◆ THE TASK
Pictures are to be left out; otherwise, copy exactly the lines from the line containing "DREAM PAIRS Insulated Mid-Calf Snow Boots" through the end of the data.

◆ RECORDED INFORMATION
_ _ _

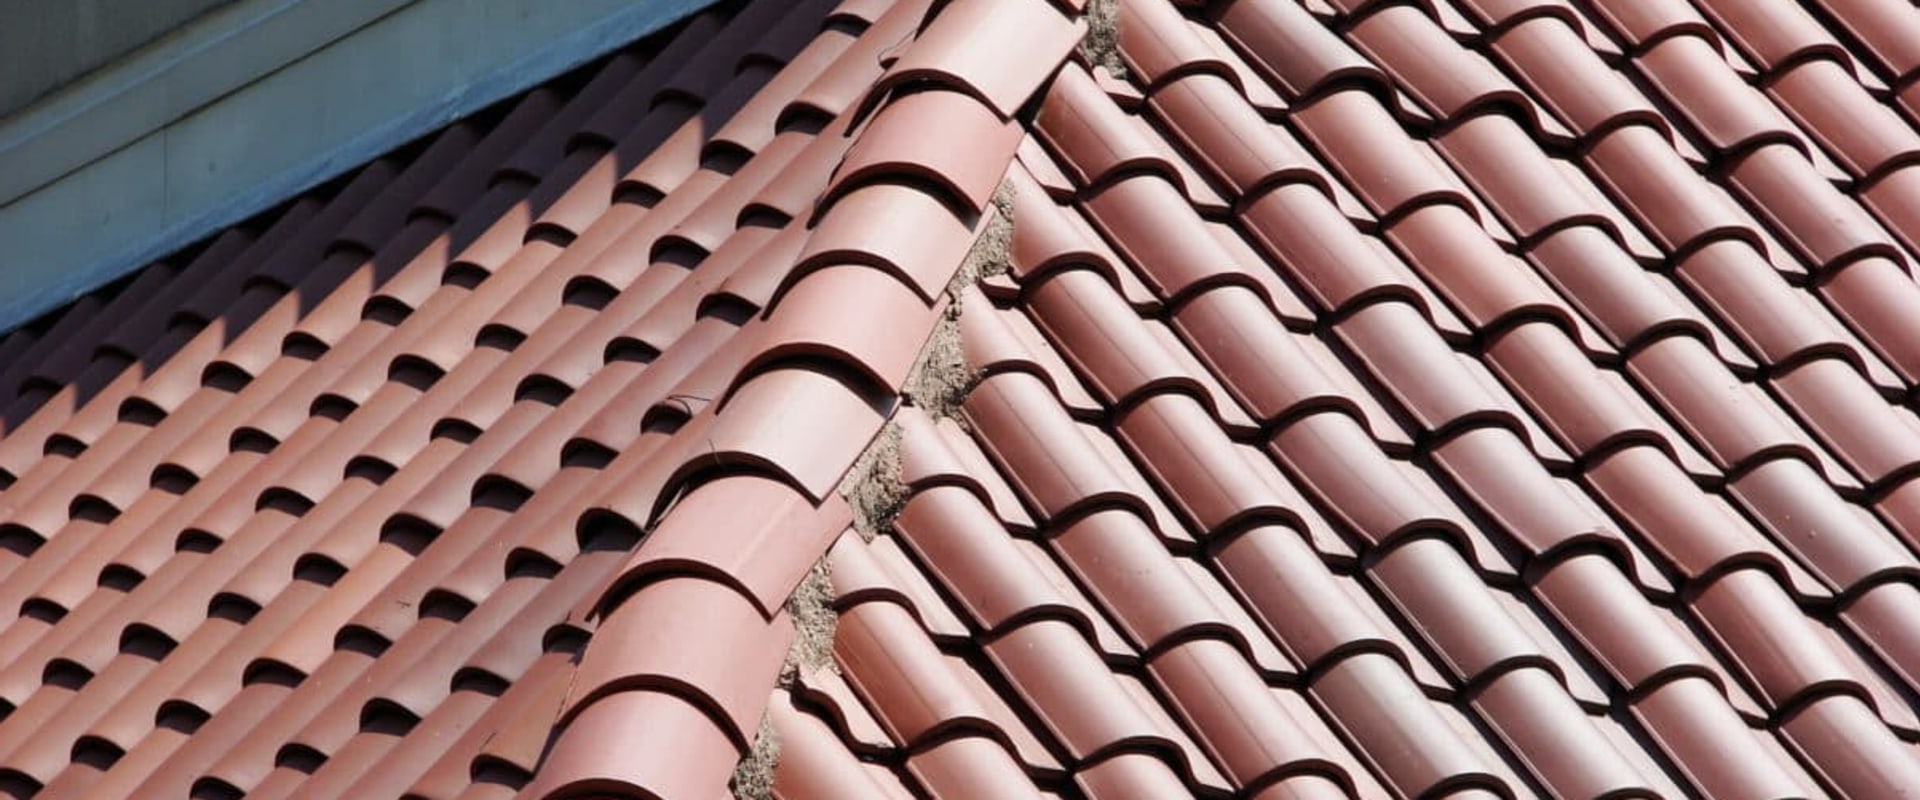 The Importance of Quality Materials and Workmanship for Top-Rated Roofing Companies
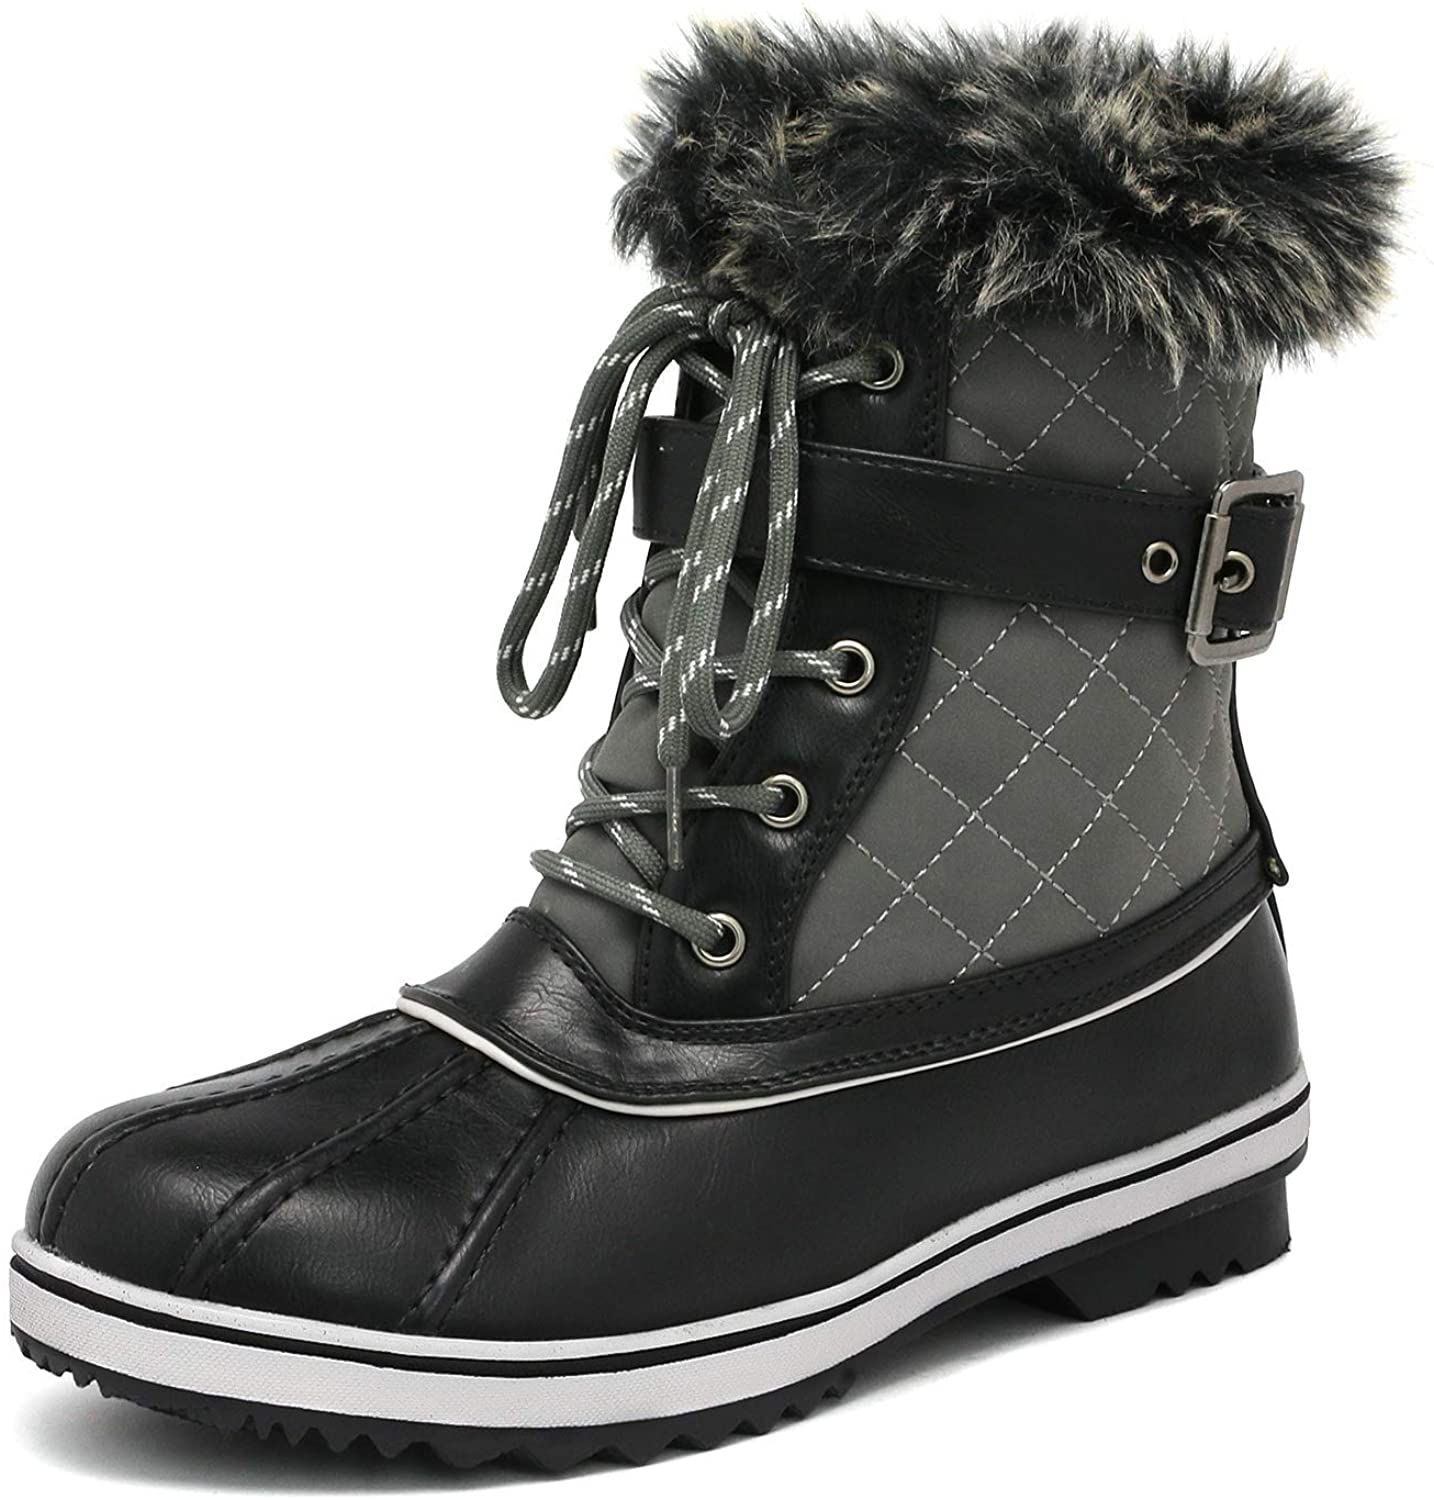 DREAM PAIRS Insulated Mid-Calf Snow Boots
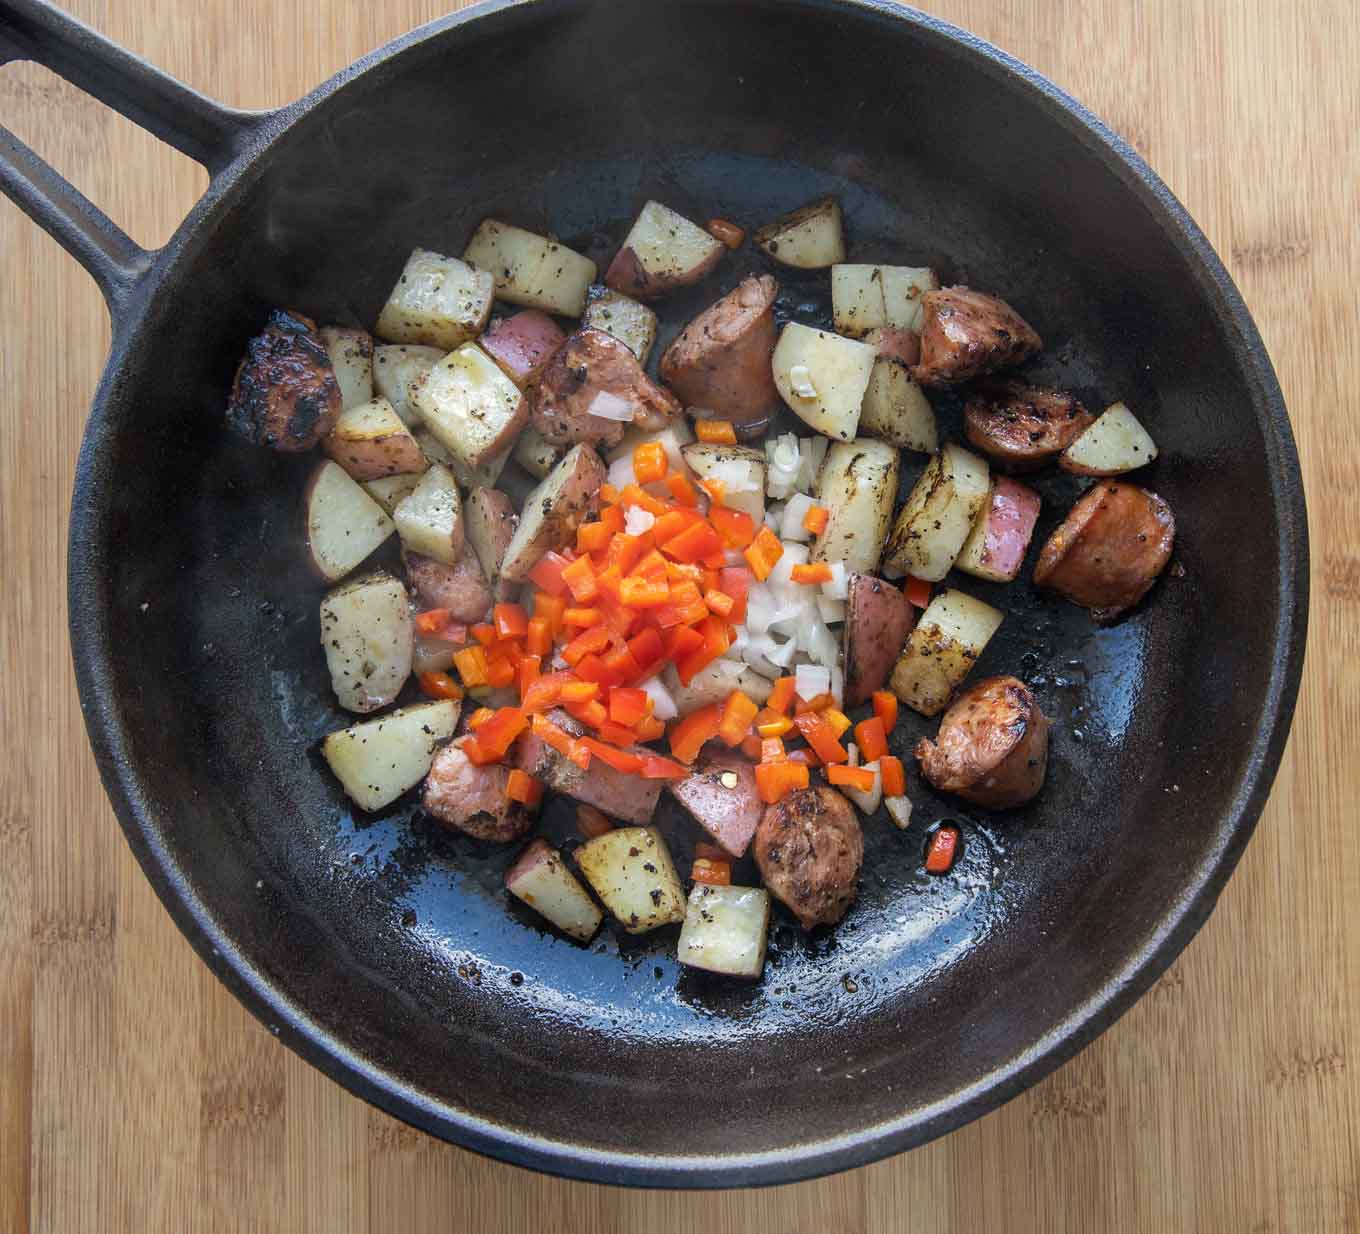 cast iron skillet with potatoes, andouille sausage, peppers and onions with a little smoke coming off the pan

_ _ _

◆ SOLUTION FOR THIS EXERCISE
 DREAM PAIRS Insulated Mid-Calf Snow Boots
 cast iron skillet with potatoes, andouille sausage, peppers and onions with a little smoke coming off the pan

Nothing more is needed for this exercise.